Anyway, that was a great reason to move the package over to the new dpkg 3.0 (quilt) source format. And, yes, it is a straightforward move! If you have not yet done so, take a look at Raphael Hertzog' explanation+FAQ wiki page. It just works, and makes many things way easier.

There are still some wrinkles in my packaging, like where I'm getting the orig tarballs from — As the submodules are not presently tagged in any way, I was only able to download a snapshot of their respective current master branches. This is suboptimal, I know, but I have talked to the upstream author, and he confirms that for the next major version (which should not be long in coming) the tags will be synchronized, and things will be even cleaner.

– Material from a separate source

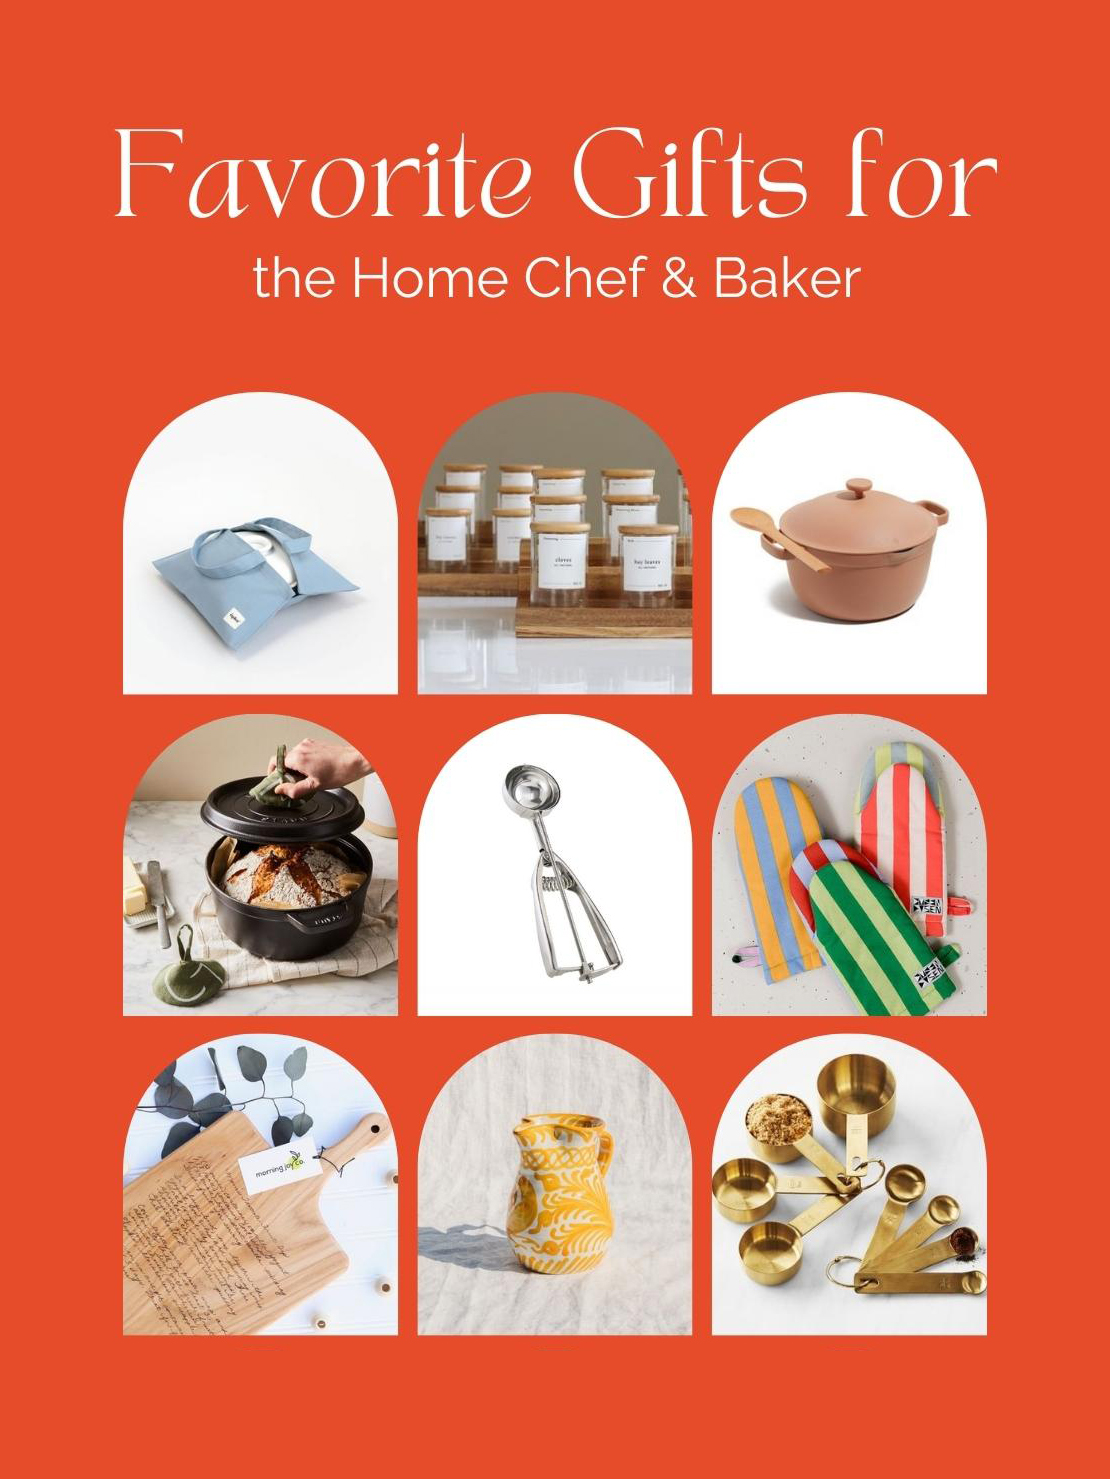 Gifts for Home Chefs & Bakers - Studio DIY

PS- I love Hpricot. To get the numbers for my QA page, I just had to get three dirty but useful arrays:

  1. require 'hpricot'
  2. require 'open-uri'
  3. url = ''
  4. doc = Hpricot(open(url))
  5. tot = ( (doc / 'table' )[1]/'tr').map { |row|
  6. (row%'td' % 'a').inner_html rescue nil}.select {|i| i}
  7. team = ( (doc / 'table' )[1]/'tr').map { |row|
  8. (row%'td' % 'span.uploader' % 'a').inner_html rescue nil}.
  9. select {|i| i}
  10. mine = ( (doc / 'table' )[1]/'tr').map { |row|
  11. (row%'td' % 'span:not(.uploader)' % 'a').inner_html rescue nil}.
  12. select {|i| i}

And work from the three very simple lists there — i.e. {|pkg| pkg =~ /lib.*perl/}.size gives me 177.

( categories: )
Tobias's picture

Hpricot alternative

If you love Hpricot, you might want to try Nokogiri (, a replacement based on the stable and well-tested code of libxml2 and libxslt1.1 :)

gwolf's picture

Briefly played with it...

I recently played briefly with Nokogiri on another spidering snippet I wrote recently... I ended up staying with Hpricot as it is... better known to me ;-) Thanks, I'll read a bit more on it.